Charles Arthur Floyd, known as The Pretty Boy because of his thick brown hair and chocolate eyes, wasn't always a criminal. This is true of many of those who took up robbery during the Great Depression. Times were so difficult, and he was had a wife and son to support. The family lived for a short time in Fort Smith, Arkansas, though he was born in Akin, a small town north of Sallisaw, Oklahoma. Ironically, his birth place was not far from the notorious Cookson Hills, where many criminal fled and hid out when being pursued. Once known as The Indian Nation, or Indian Territory (IT) the area remained a wild and wooly place far into the Twentieth Century.
His first connection to Arkansas during those criminal days, came about when Dickie Mueller, a Fayetteville lawman purchased some old guns.

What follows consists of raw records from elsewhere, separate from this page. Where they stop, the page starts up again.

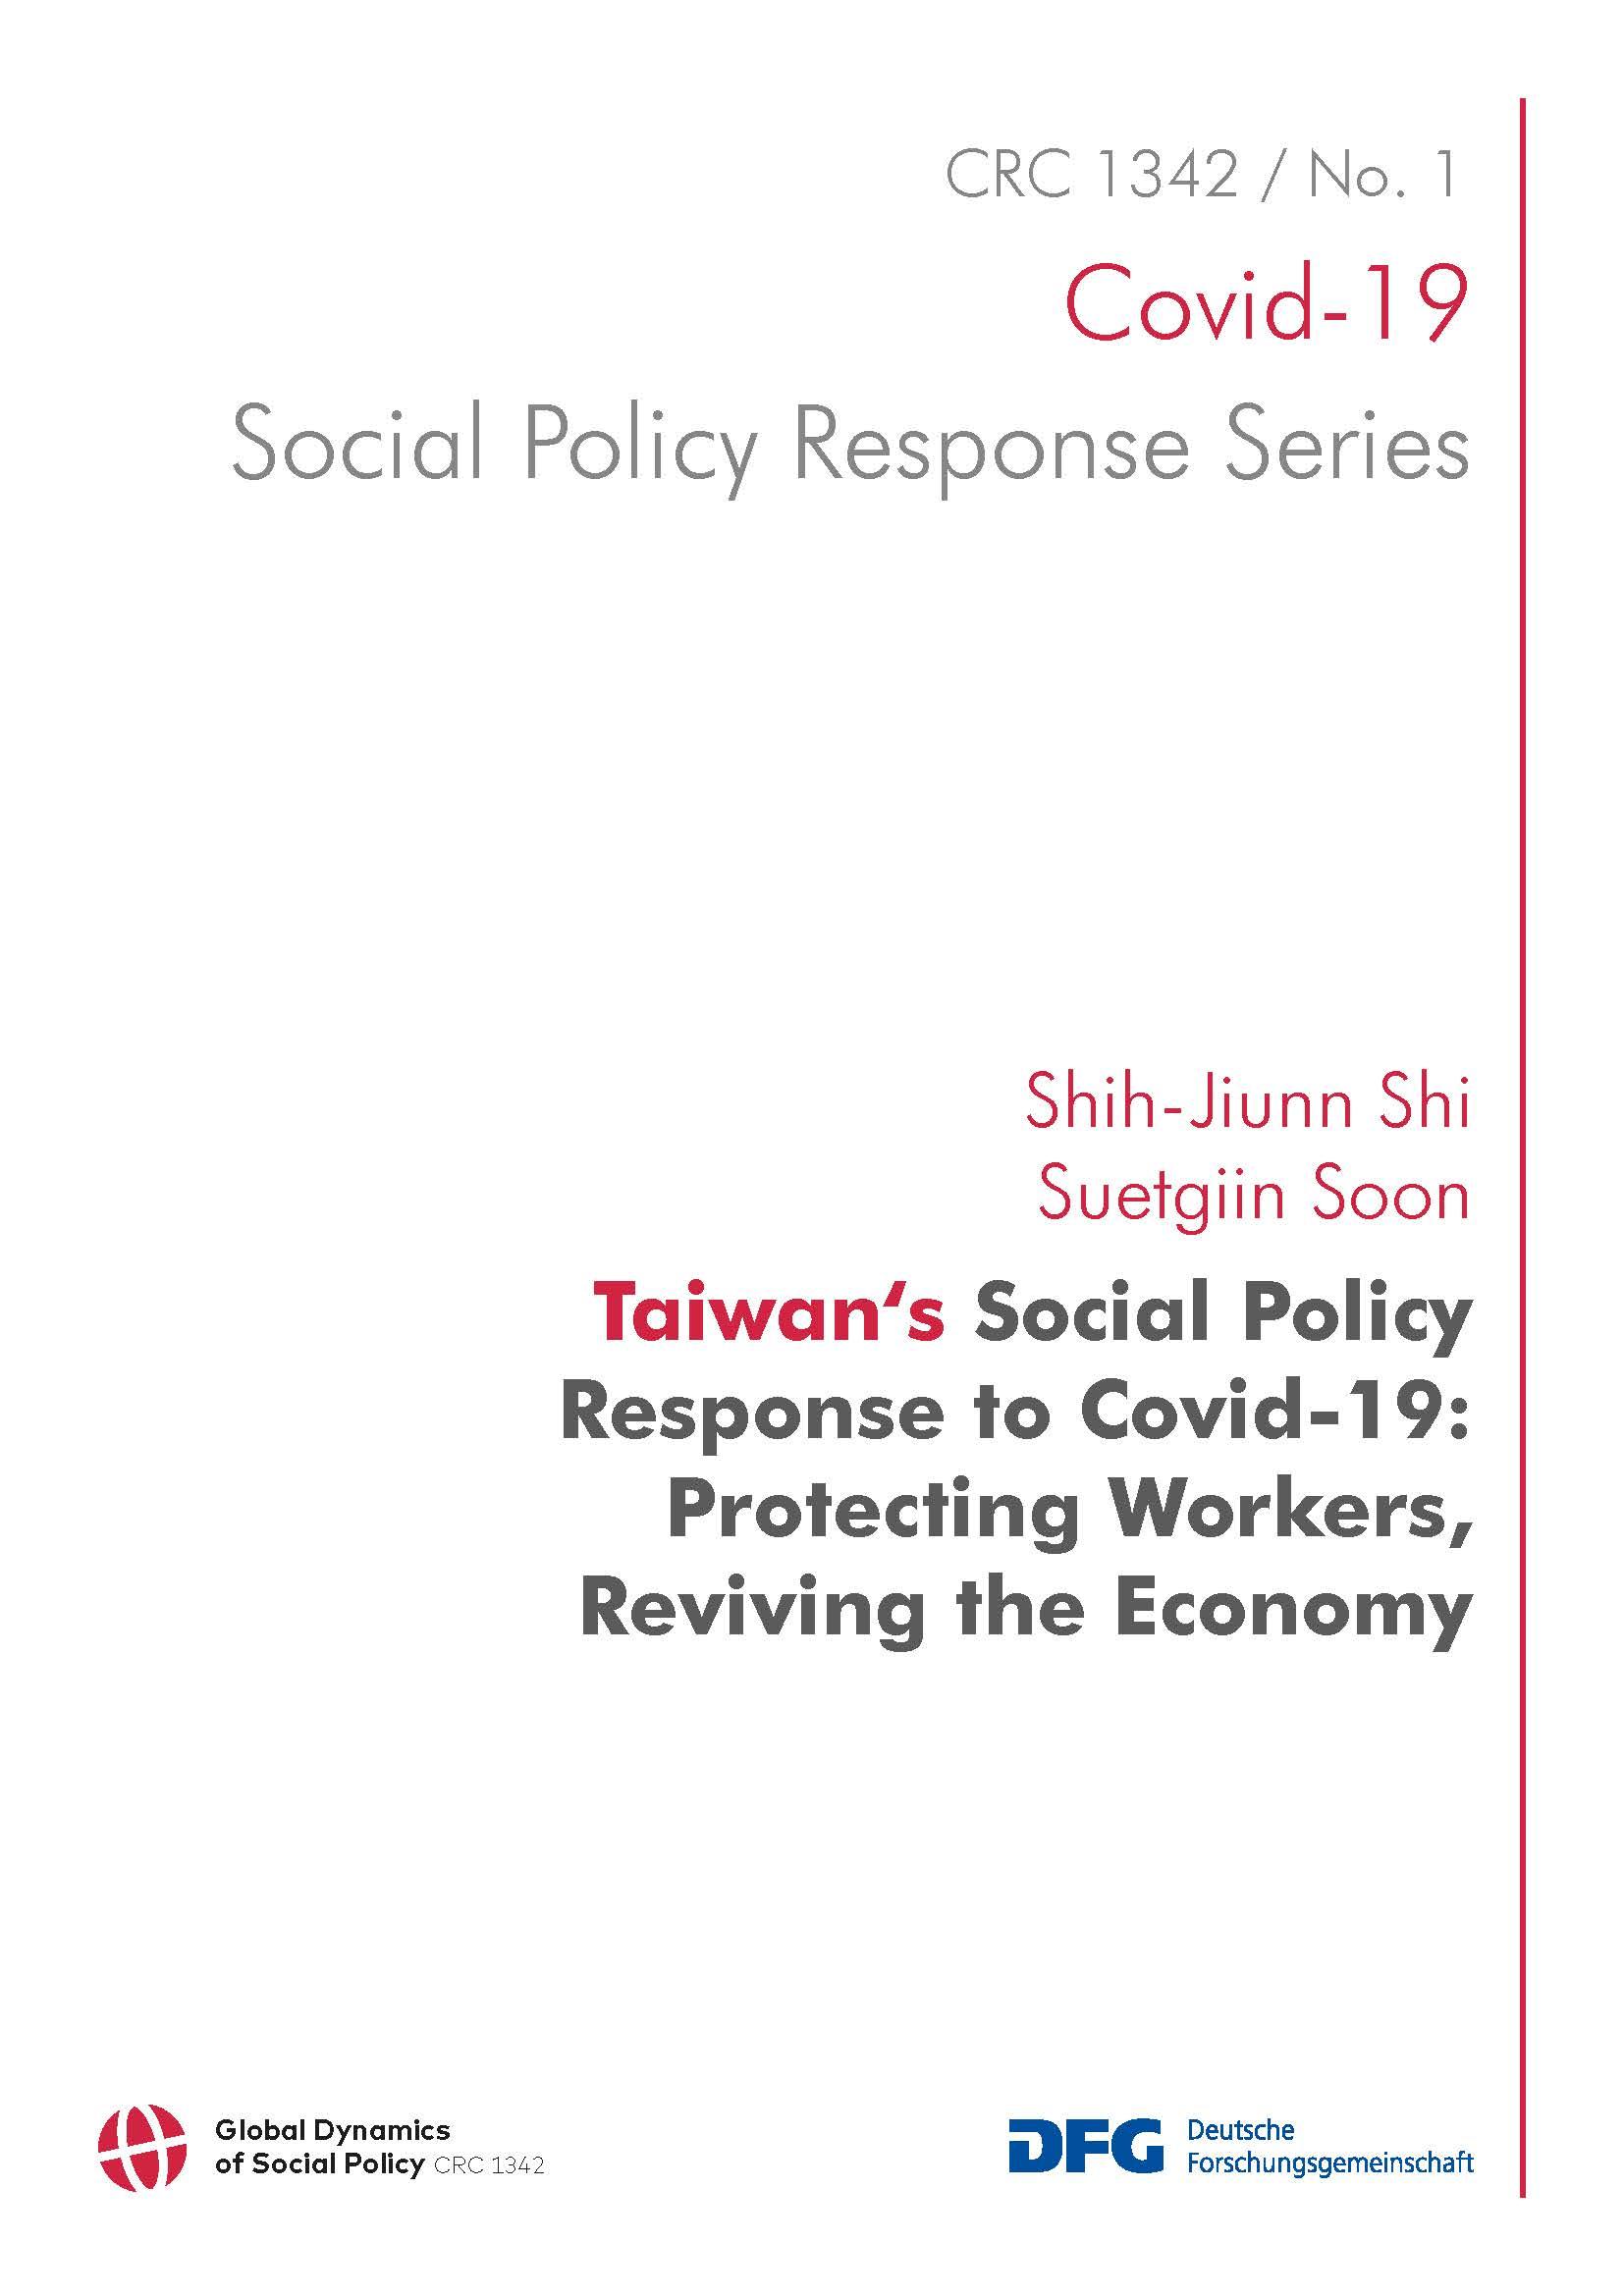 CRC 1342 Covid-19 Social Policy Response Series, Band 1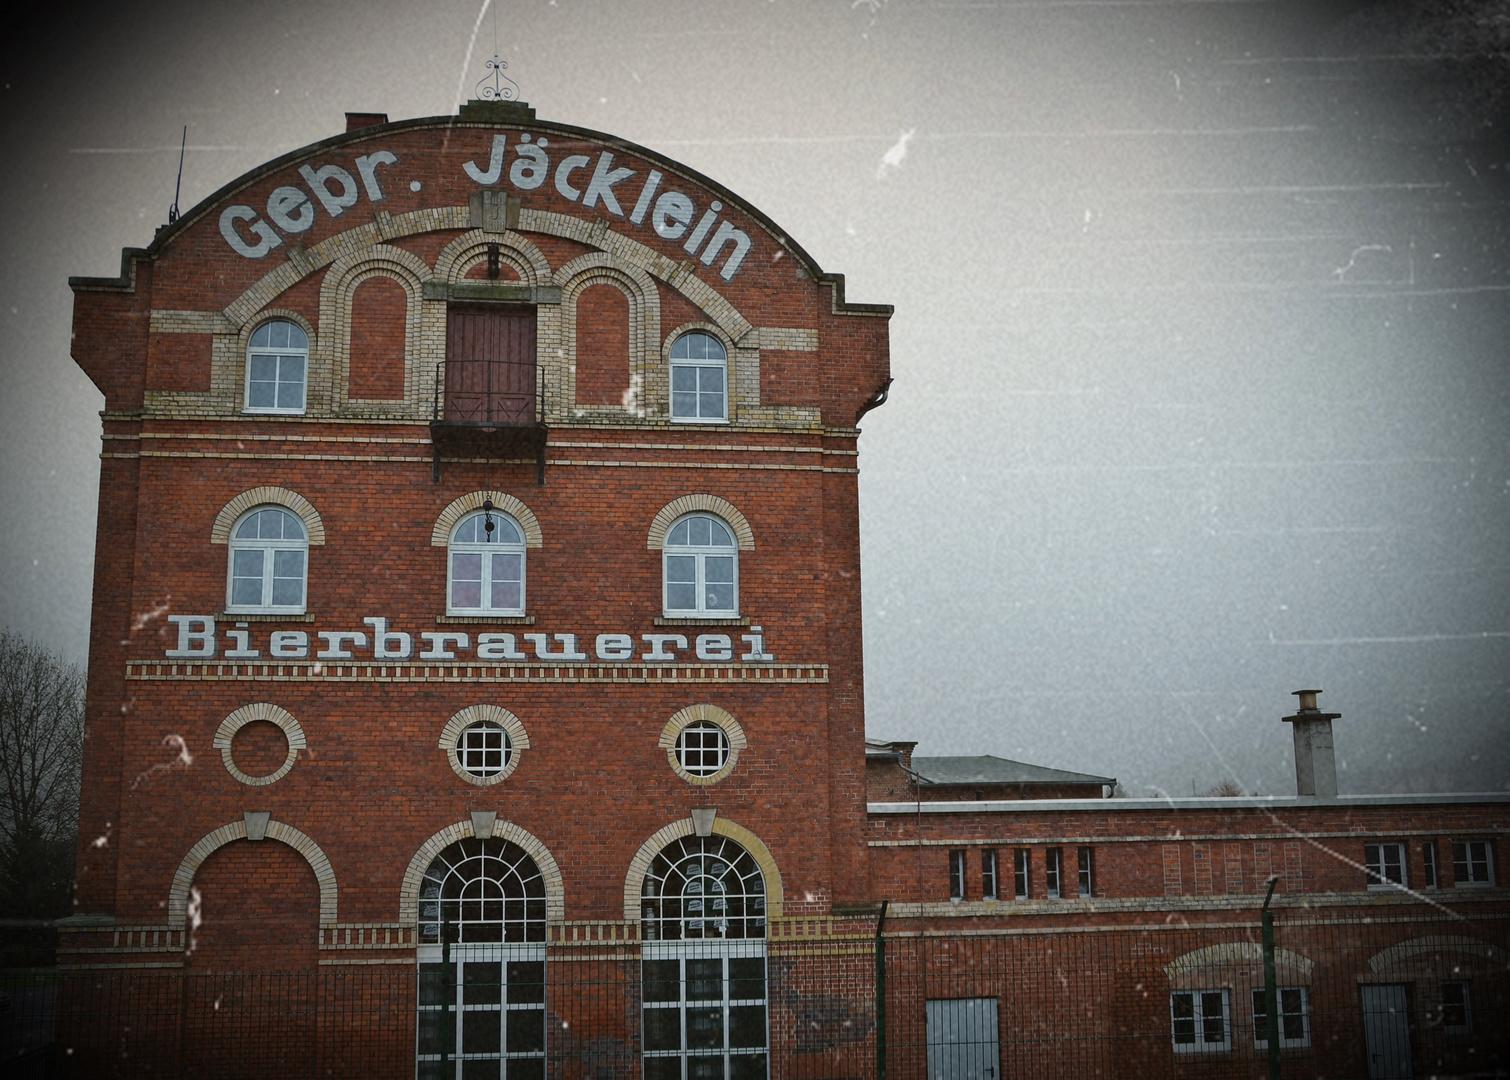 Brauerei Gebrüder Jäcklein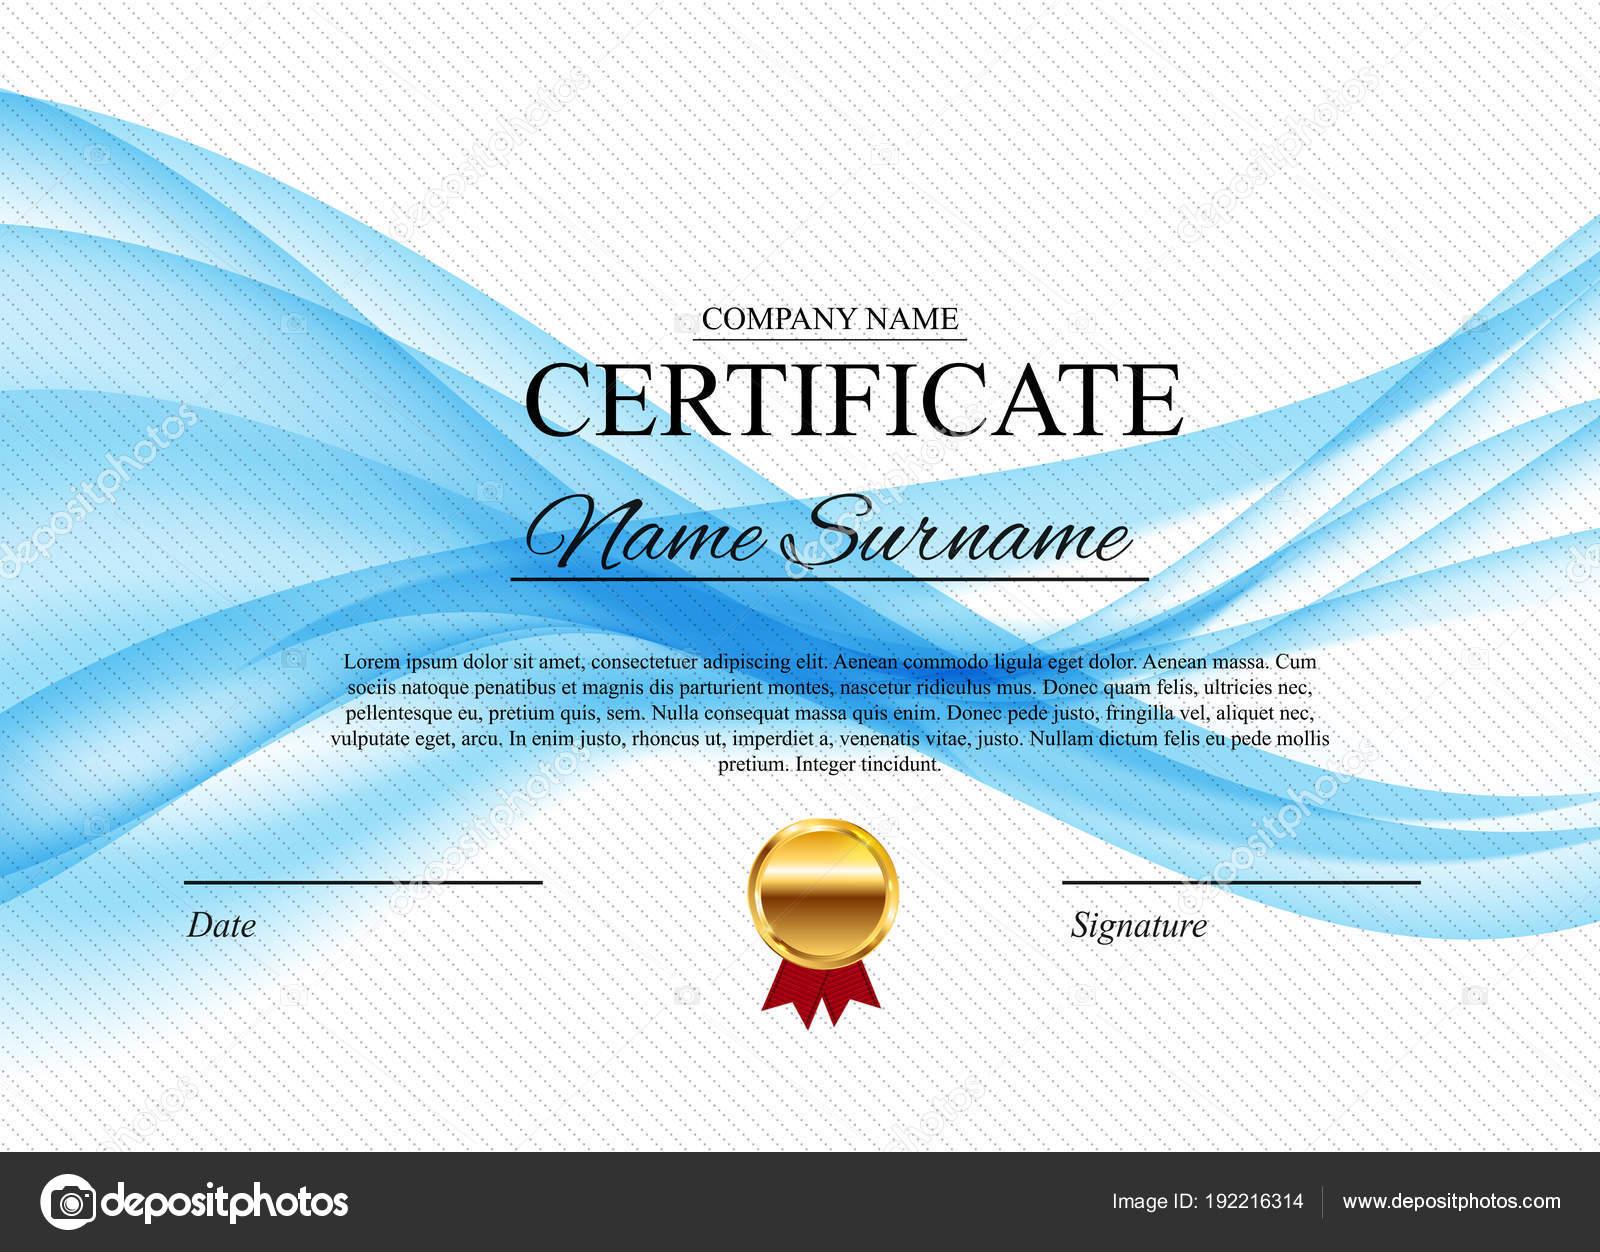 Zertifikatvorlage Hintergrund. Diplom Design leer zu vergeben ...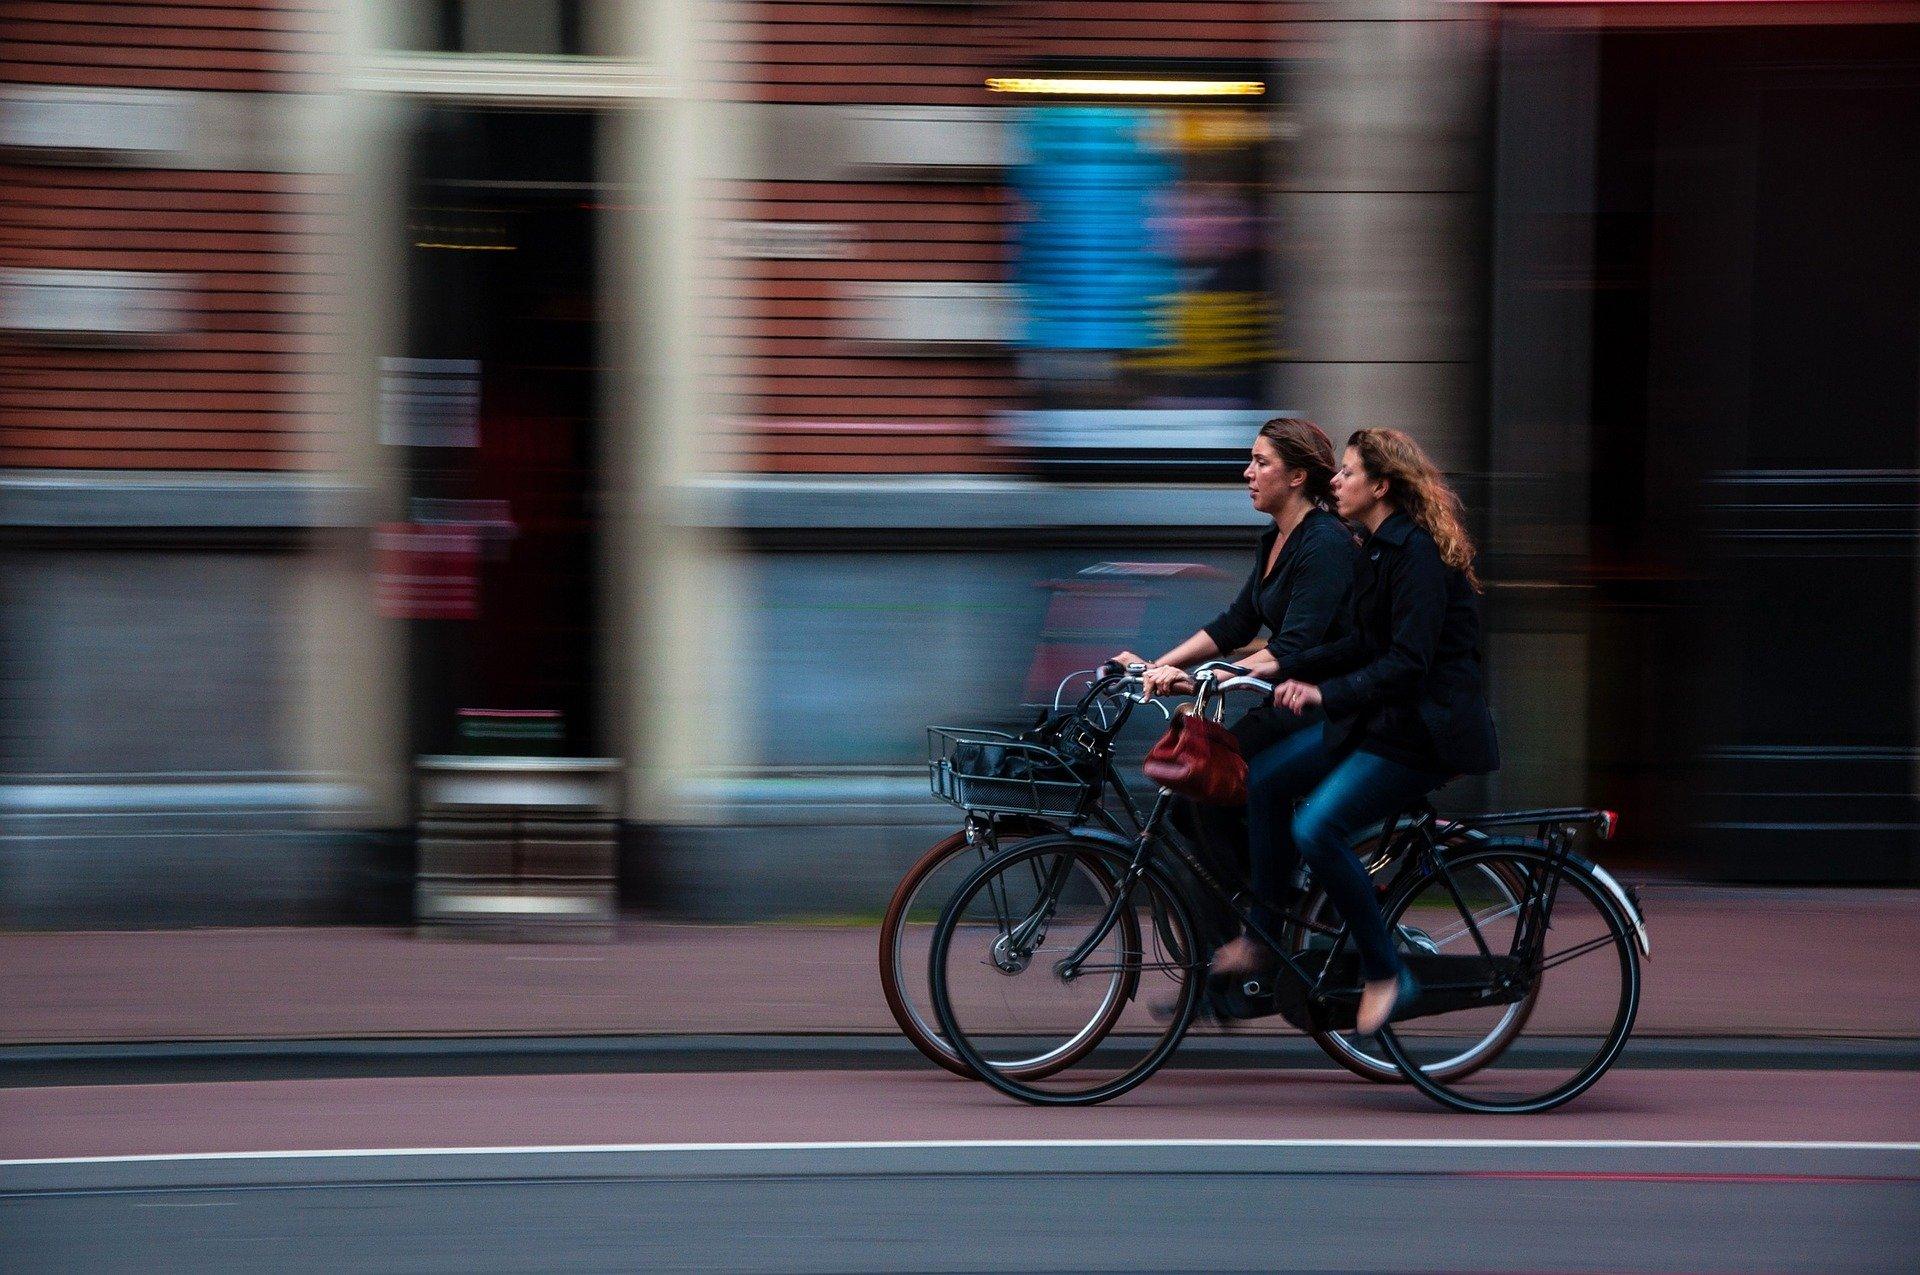 Zwei Frauen fahren nebeneinander auf einem Radweg in der Innenstadt.

He was on his way to Muskogee to trade them for something else. He was stopped in a roadbloack where officers were on the lookout for Pretty Boy. The lawmen took no chances and pointed shotguns and rifles at each car that was stopped. Mueller opened his car door and one of the old pistols fell out on the road. Quaking in his shoes, Mueller was taken prisoner at gunpoint and transported to Muskogee. They thought they had captured the famous outlaw, Pretty Boy Floyd, until he verified his identity.
One day it was rumored that Floyd was about to rob a bank in Prairie Grove, Arkansas. This brought out a lot of lawmen, lying in wait for the outlaw to show up. It was supposed to happen at Noon. Sure enough, right at noon here came a new Ford up to the side door of the bank. A young man leaped out and rushed in, came back out a moment later, jumped into his car and headed west. Fortunately for the young man, who was a student at the University of Arkansas, one of the lawmen at a window across from the bank recognized that the man was not Pretty Boy. He was able to signal to the others not to pursue. Floyd and his gang didn't show up.
Back in the Thirties in Oklahoma and Arkansas, lawmen hadn't heard much about the Supreme Court and its rulings. And those who had paid little attention. They would set up a road block and search every automobile for any reason. Some people didn't like it, but they recovered a lot of stolen articles, even stolen cars and fugitives on the lam.
Floyd was involved in another incident in Arkansas, this time he was actually there, when he and Adam Richetti massacred four Federal officers riding in a car taking a wanted man from Hot Springs to Kansas City. The wanted man was in the front seat with the driver. All but the man riding in the center of the back seat were killed. It was never proven that Floyd did the deed, but like most myths and legends, the fact remains that he was blamed for it.
Why was such an outlaw running free and not in prison? Well, he was sentenced to the state penitentiary in Missouri for robbery, but later paroled. He was convicted in Ohio of a robbery and sentenced to prison but escaped while enroute. In Kentucky he was charged with robberies but never convicted. In one Oklahoma robbery his companion George Birdwell was killed, while Floyd escaped. Someimes, he was seemingly everywhere as lawmen pursued and frightened citizens quaked in their boots.
Floyd continued to hide out in the Cookson Hills for most of his criminal life. Where his wife and son were is anybody's guess. Of course, like Robin Hood and Jesse James, Floyd is said to have given away a lot of his ill-gotten gains to the destitute people in the hills. He is also reported to have stayed in various places throughout the Boston Mountains including my hometown of Winslow during his long career.
This story is told about a time when he was in the Cookson Hills and went to Sallisaw to a barber shop to get a shave. As the barber finished, Floyd asked him if he wanted to see a bank robbery. Without waiting for a reply, Floyd promptly crossed the street, held up the bank and headed back into the wilderness of the Cooksons.
Pretty Boy Floyd was finally captured by members of the FBI, aided by local officers and state police. Cornered in a barn near Youngstown, Ohio, he crawled out and started running. Officers' gunfire cut him down. Lying on the ground dying, he is said to have asked, "Who the hell tipped you off?"
The body of the famous outlaw was returned to Sallisaw, Oklahoma and put on display. After crowds of people visited the funeral home, it is said that some 20,000 people mobbed the cemetery in Akins for his funeral. Later it was found that his headstone was nicked many times by people trying to get a tiny piece for a keepsake.
Floyd's brother's grave was nearby, the stone unmarked. He was a sheriff. It continues to amaze me how so many people make heroes out of outlaws.